Для некоторых людей луна – это повреждение ночи, но местные жители были не из тех: люди любили их маленький зябкий уголок. И крики горячих цветов, запертых в красоте, орущих запахами, и спешащие им на помощь лёгкие влажные мысли людей. Всё было взаимосвязано: и время, и погода, и мысль. Дерево высотой в целую осень – нагромождение мягкости, разорванной по листам. Западающая в корабление даль, рефлекторная, западающая даль. Подвешенный разговор или правильный флюгер. Седые устои, серые валуны. Грохот воздушных дроздов: когда они пролетали, люди начинали дрожать, и кто бы мог объяснить, что это за дрозды, но никто не хотел объяснить: сколько тут было явлений, претендующих на разъяснение, но все были сохранены в первозданном нетронутом виде.

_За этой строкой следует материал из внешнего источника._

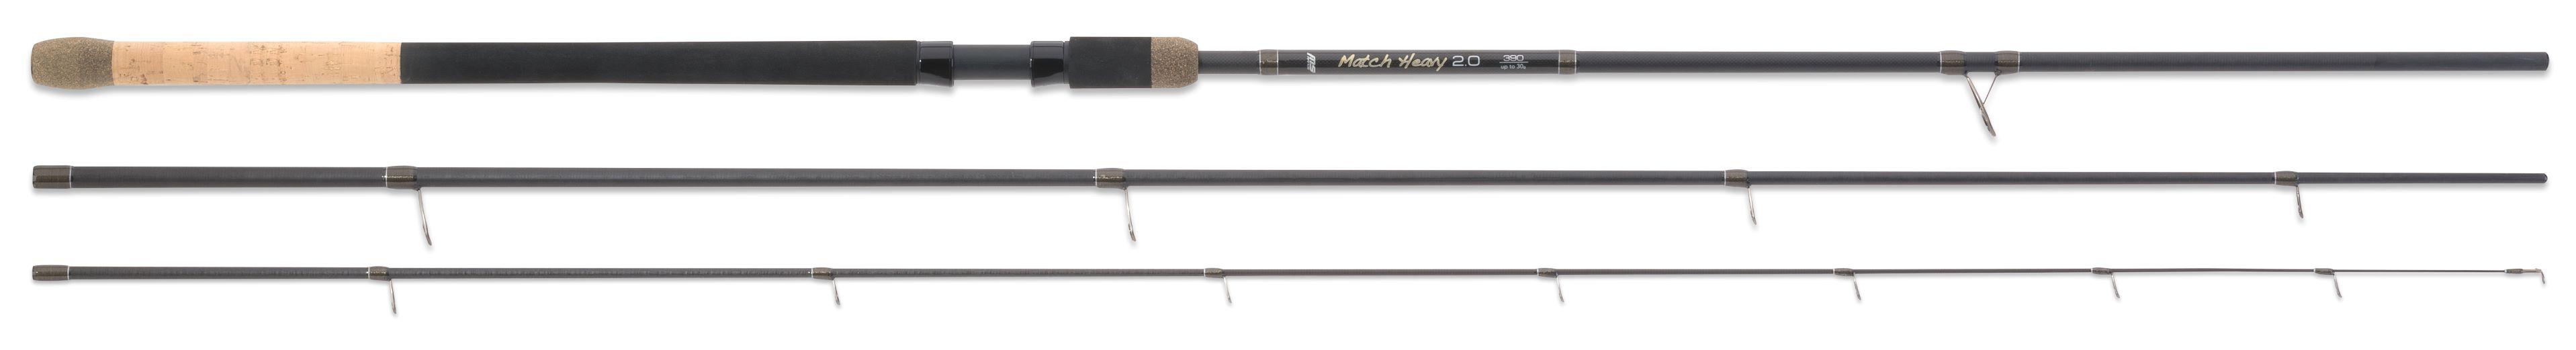 MS Range prut Match Heavy 2.0, 3,6 m, 30 g

В одну из ночей на небе загоралась огромная карта земли. Это было время, когда начиналась продолжительная темнота, которая окутывала людей, липла на фонари, и некоторые старались стряхнуть её с себя, включали яркие лампы в домах и долго старательно обсуждали луну, как будто придавая ей вес этими обсуждениями. Темнота забиралась в дома, и в некоторых случаях люди отрывались, перебегая в младенческую историю, а кто-то закрывал глаза и попадал в помещение дремоты, где можно было смотреть на оставленный в памяти лунный быт. Эти ночи были самые красивые: ночи, когда опадало лунное вещество. Ангелы в головах хоринов горели так ярко.
Виргус наблюдал это из окна. Мастер затапливал длинную печь и набивал травами металлический чайник, который ставил в чердачное отделение печи, и травы грелись на углях, молился огонь, и краткие крапинки рук переходили в долгое ощущение, которое поднималось из самого окончания ступней, останавливалось в районе живота и расползалось тонкими струйками по всей груди. Травяной человек глотал дым своего дыхания. Он вырезал крыло, потом обращался к голове, делал второе крыло и заканчивал на хвосте, очерчивая стеклянные перья. Потом мастер убирал остатки стекла, немного шлифовал и приступал к наложению первого слоя краски: синий он всегда накладывал руками, растирал специальной перчаткой. Когда немного подсыхало, можно было добавить бордовых теней, пальцами выдавить позвонки, покрыть закрепителем и отложить на окончательную просушку.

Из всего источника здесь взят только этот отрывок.